Exercise material:
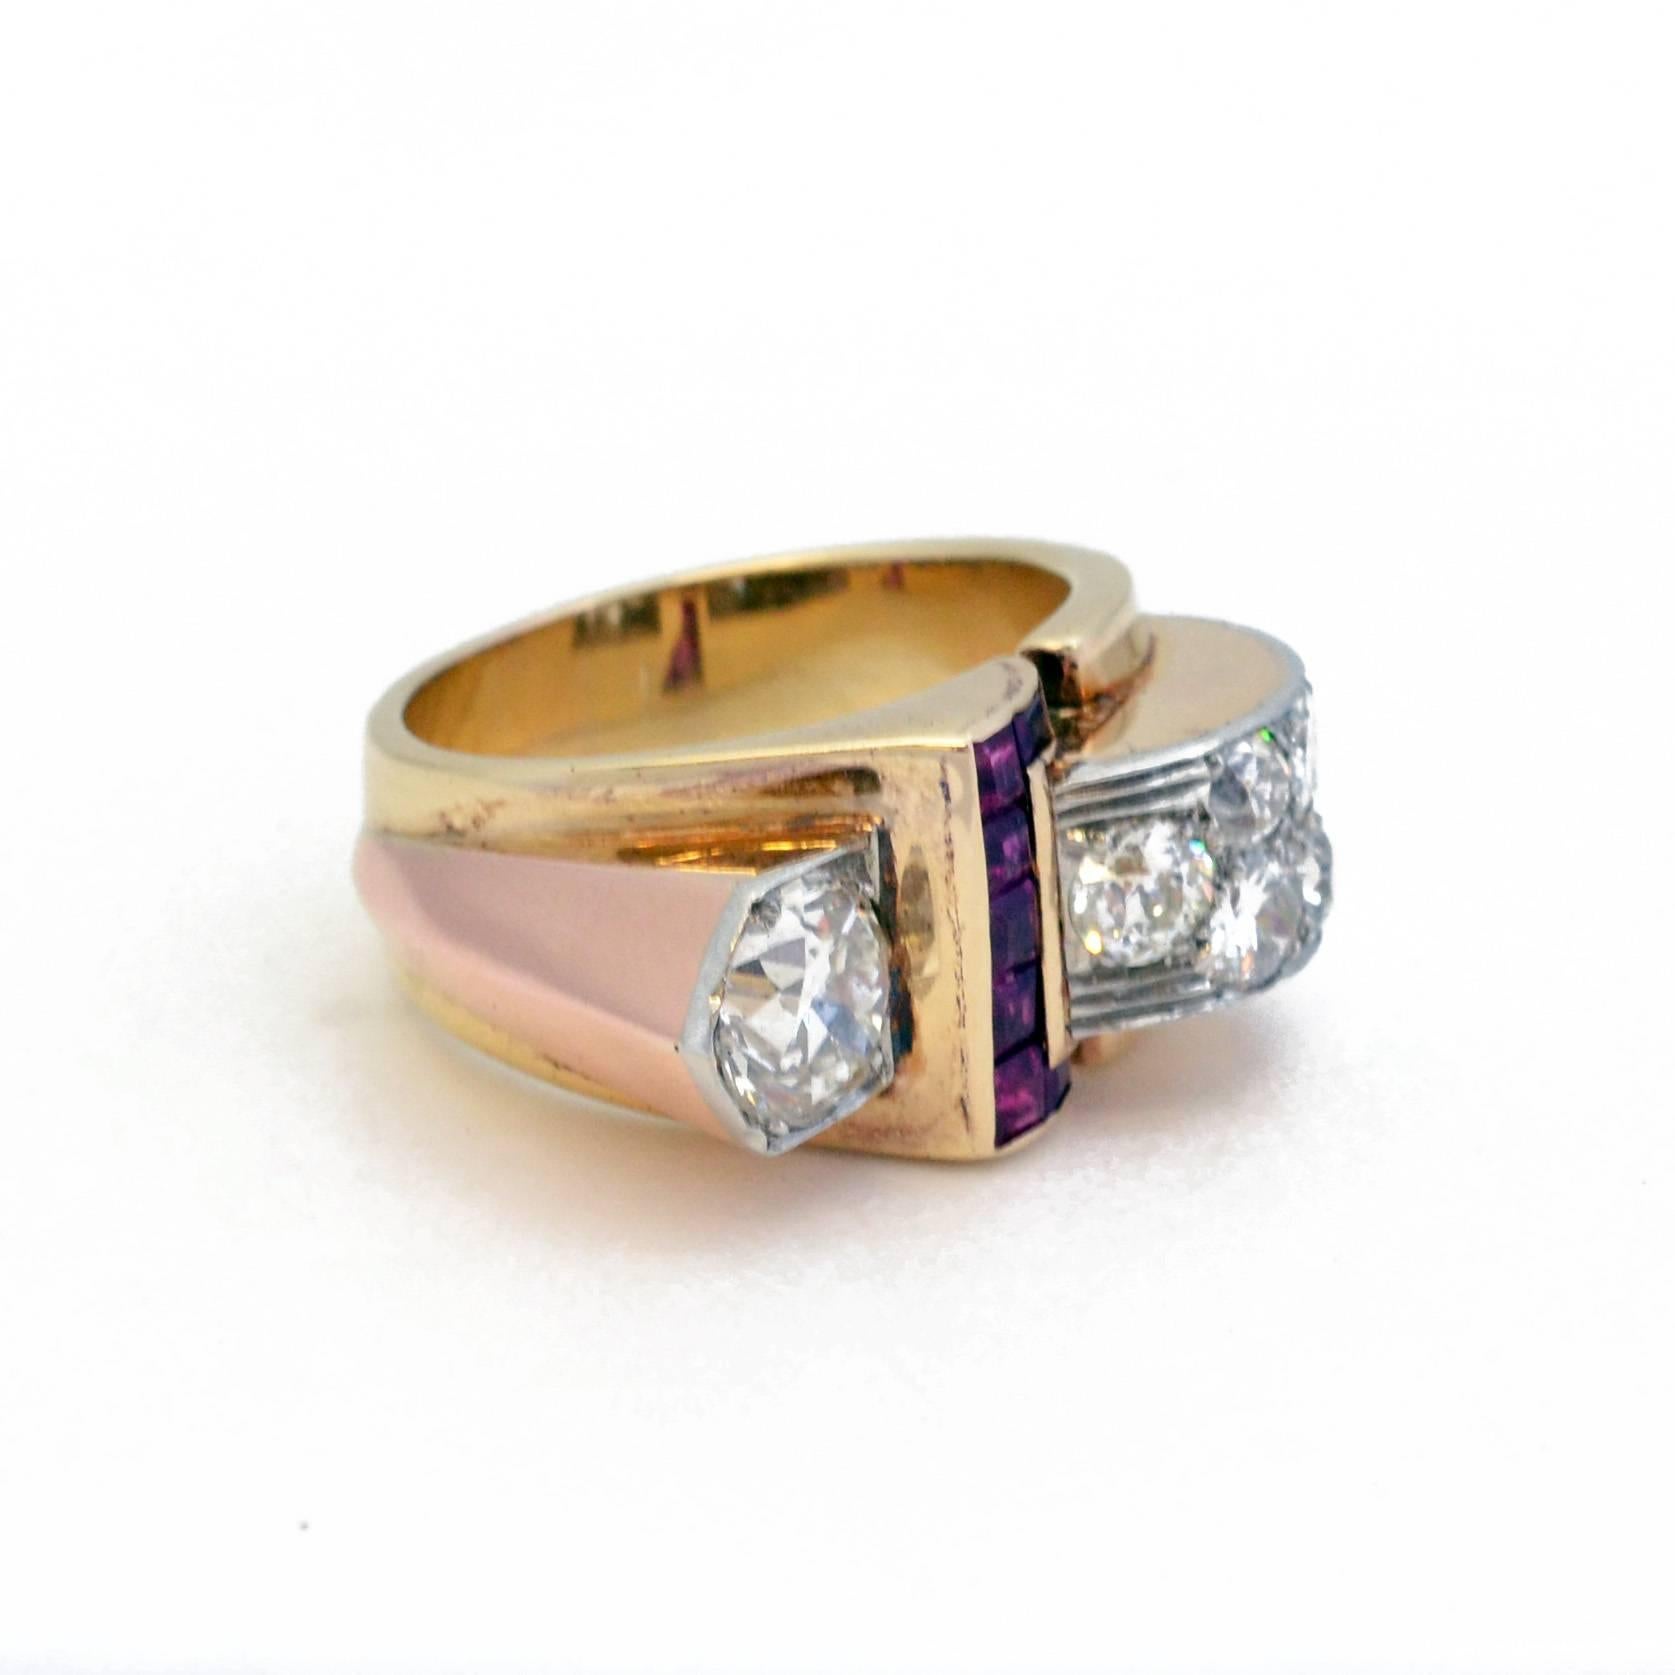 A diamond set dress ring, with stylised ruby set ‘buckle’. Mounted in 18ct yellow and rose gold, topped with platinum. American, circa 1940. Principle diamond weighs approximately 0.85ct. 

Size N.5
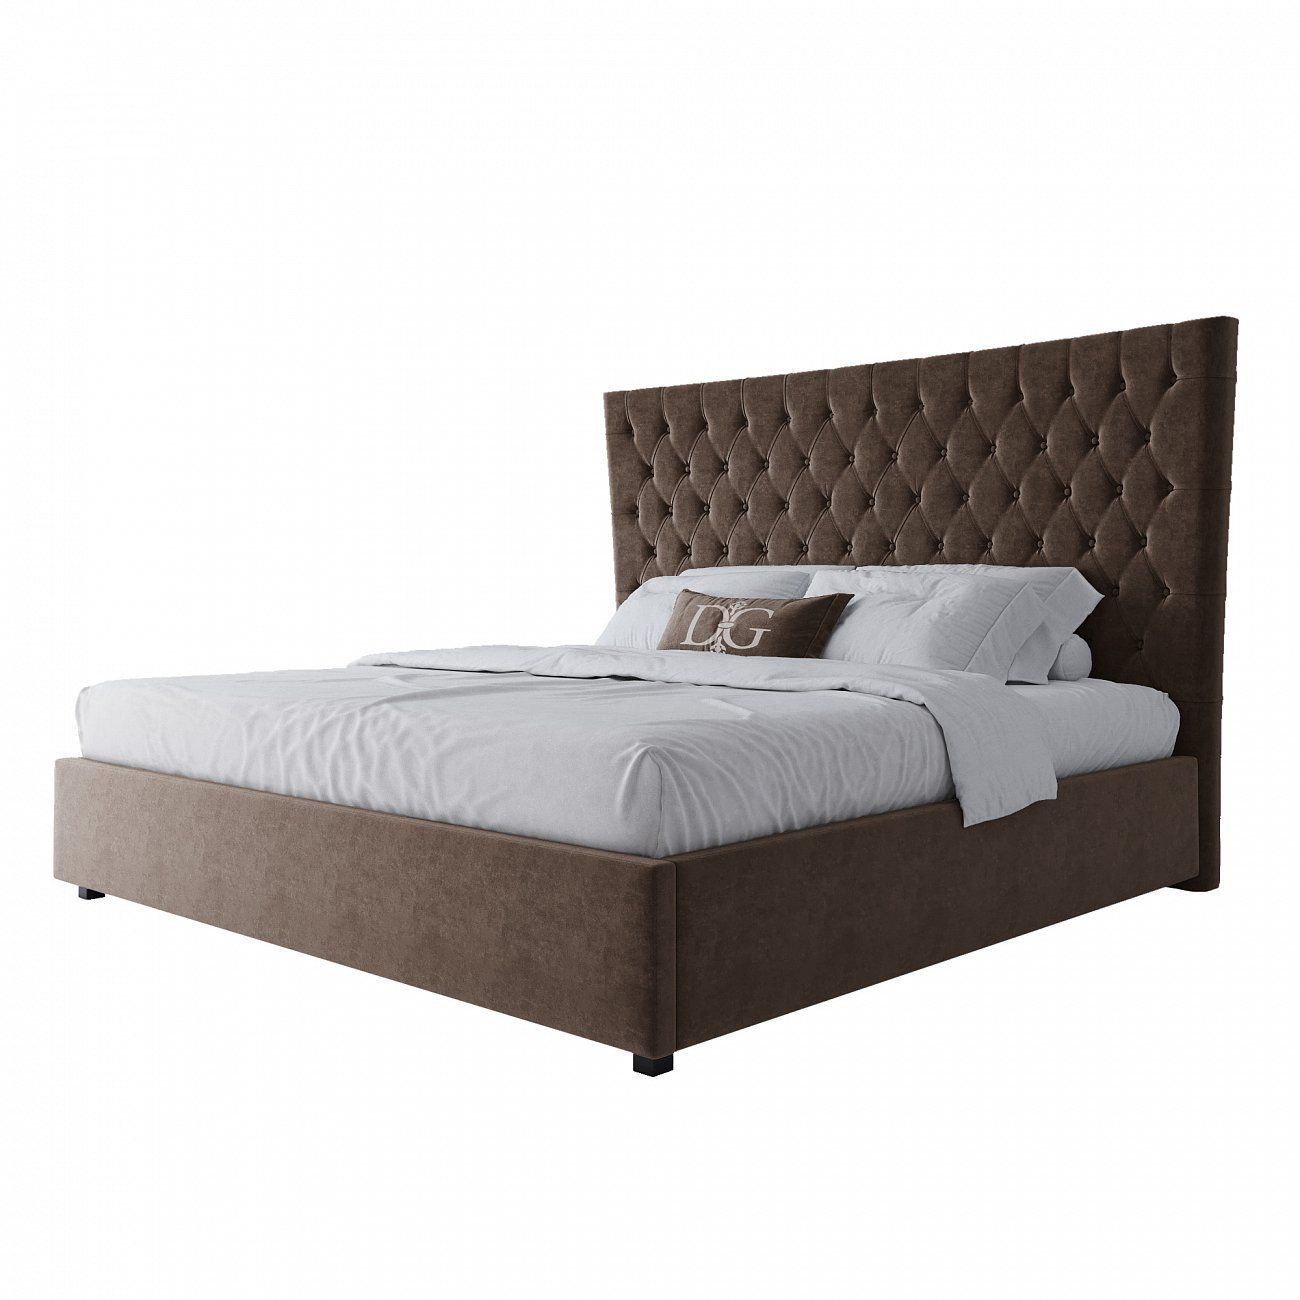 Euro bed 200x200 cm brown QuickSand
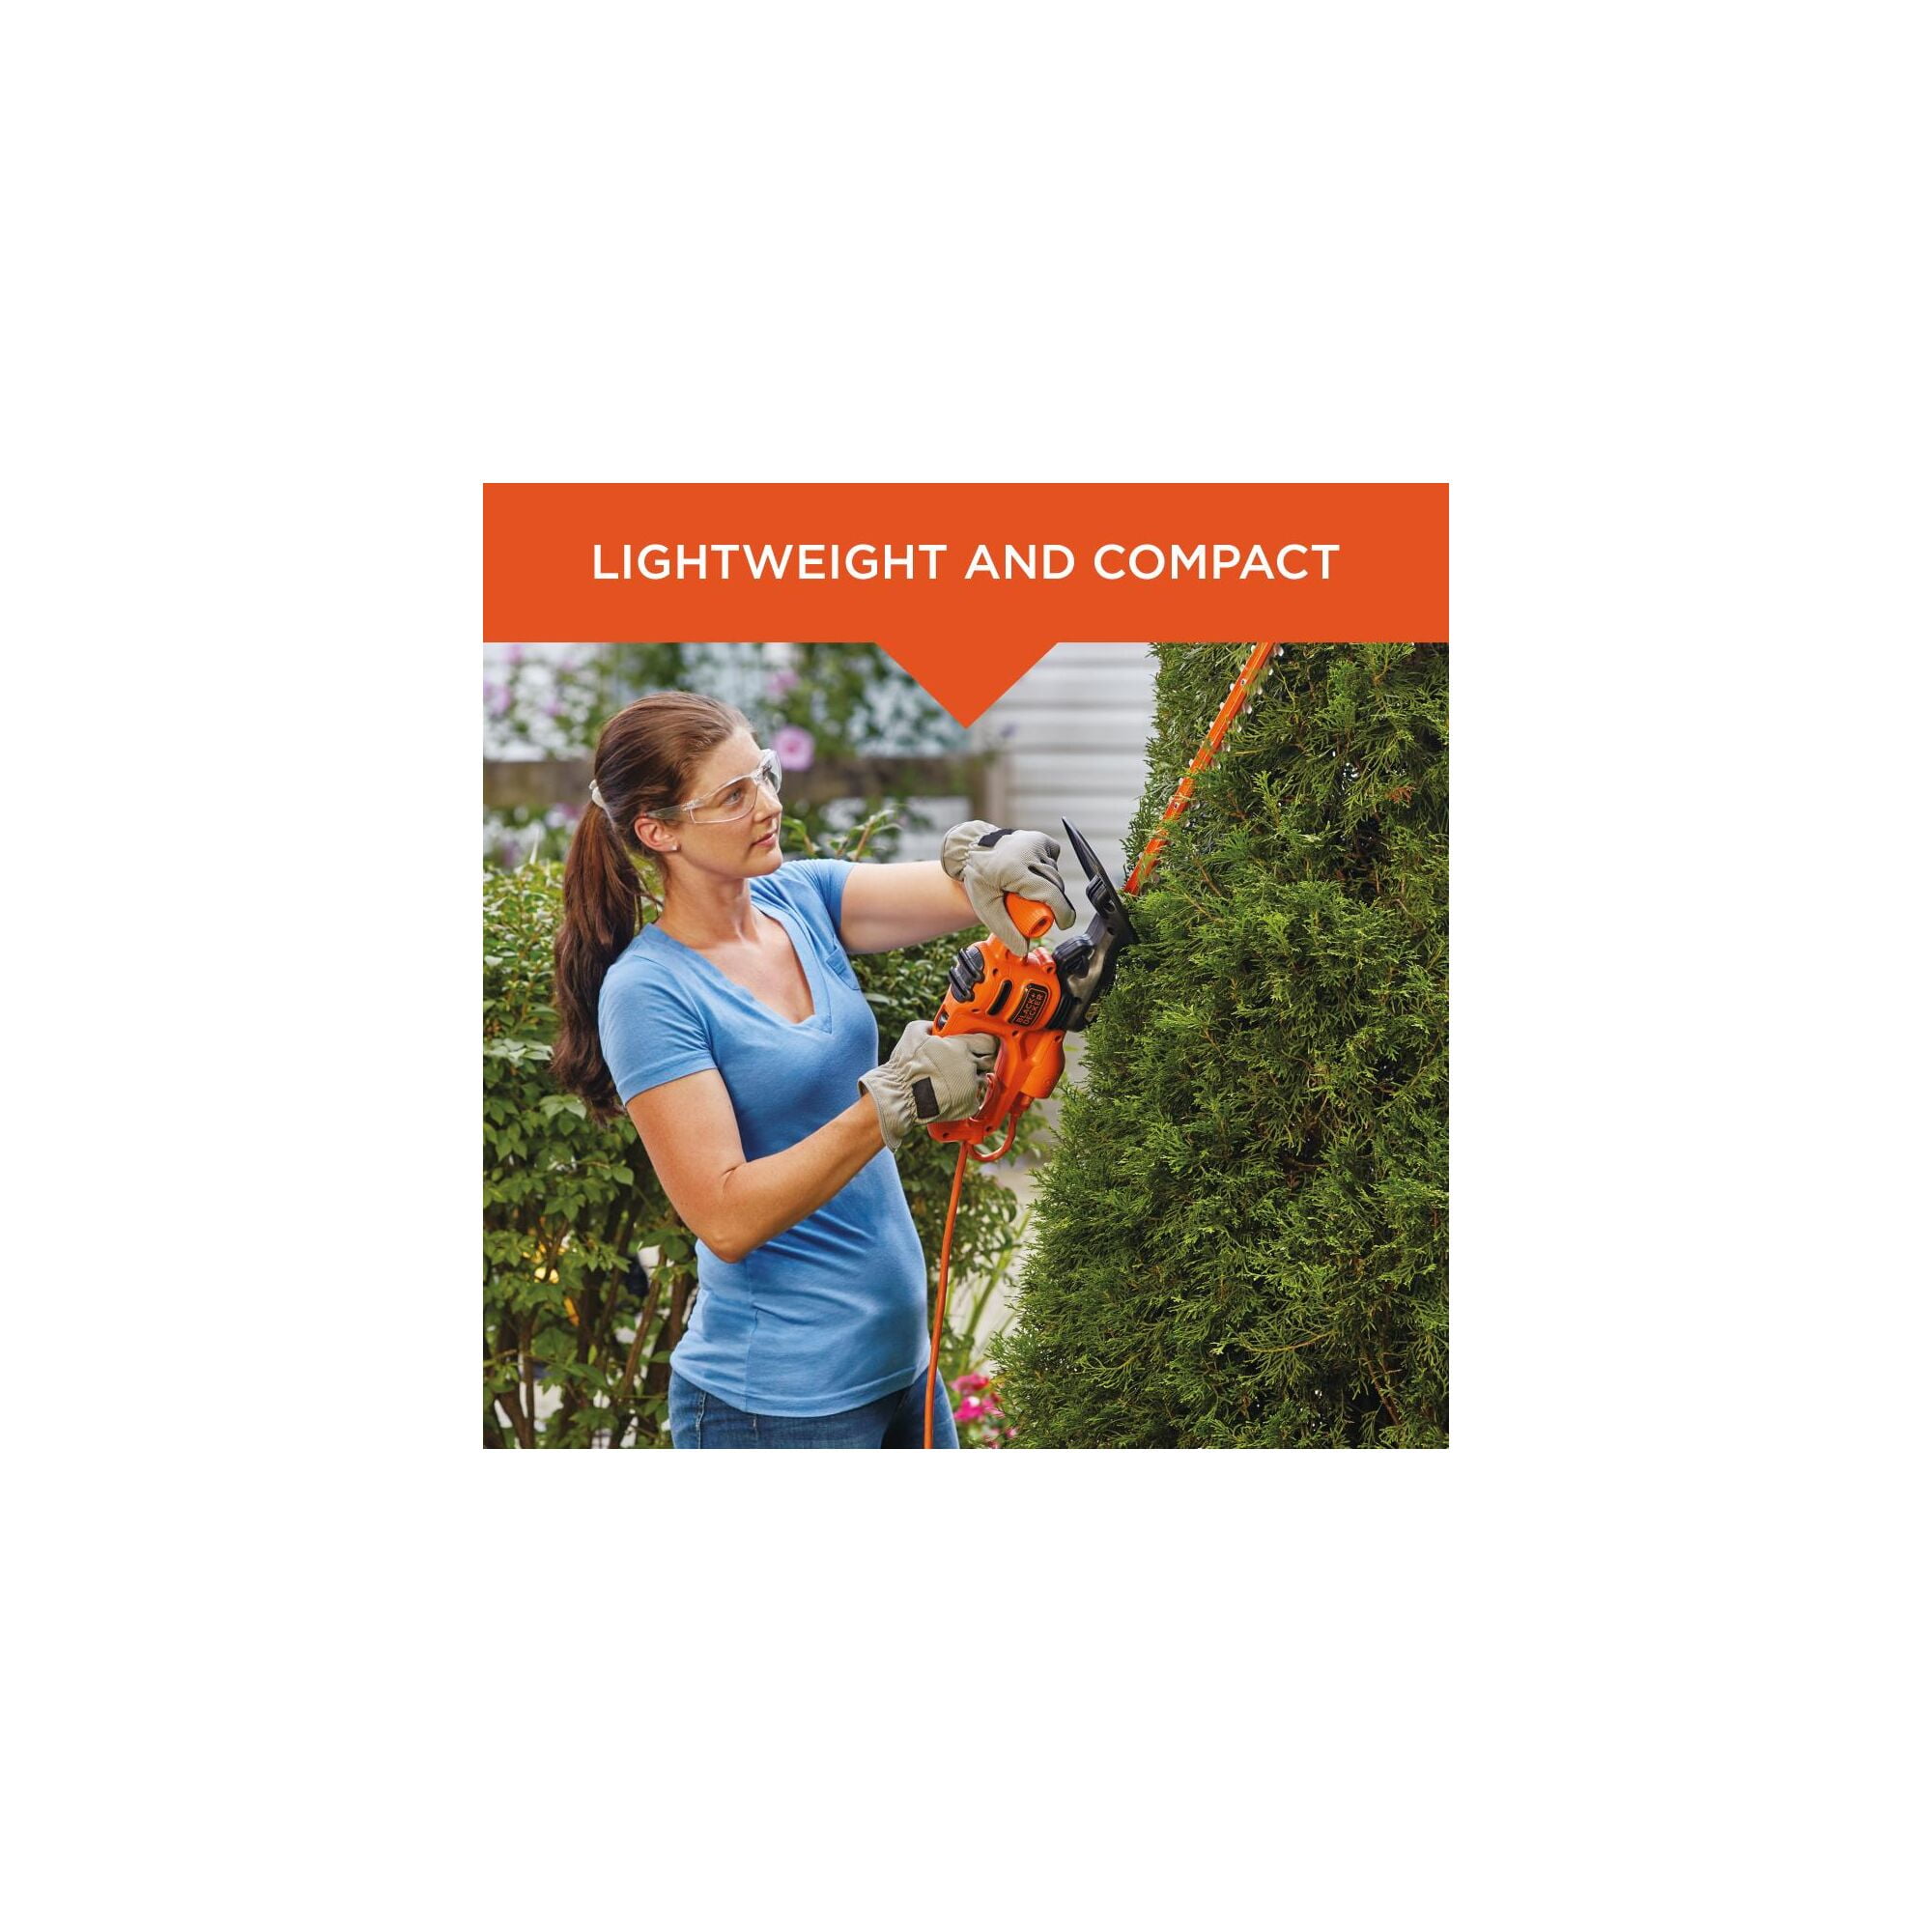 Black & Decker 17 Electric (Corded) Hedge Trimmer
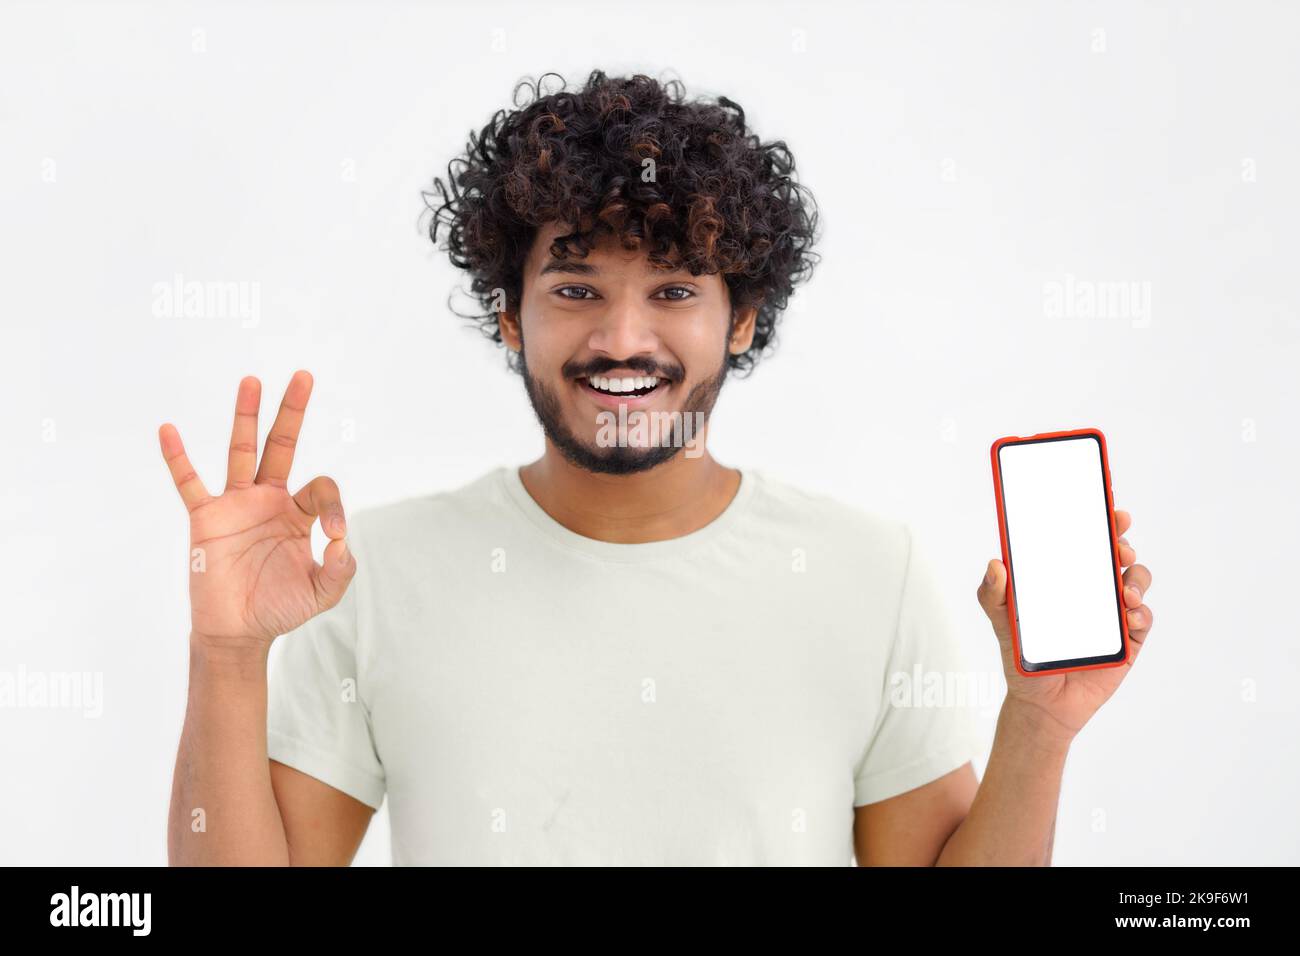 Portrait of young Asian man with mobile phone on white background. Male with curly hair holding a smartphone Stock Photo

What needs to be done: Everything in the records above except the pictures is to be reproduced word for word.

Output below:
 A diamond set dress ring, with stylised ruby set ‘buckle’. Mounted in 18ct yellow and rose gold, topped with platinum. American, circa 1940. Principle diamond weighs approximately 0.85ct. 

Size N.5
 Euro bed 200x200 cm brown QuickSand
 Black & Decker 17 Electric (Corded) Hedge Trimmer
 Portrait of young Asian man with mobile phone on white background. Male with curly hair holding a smartphone Stock Photo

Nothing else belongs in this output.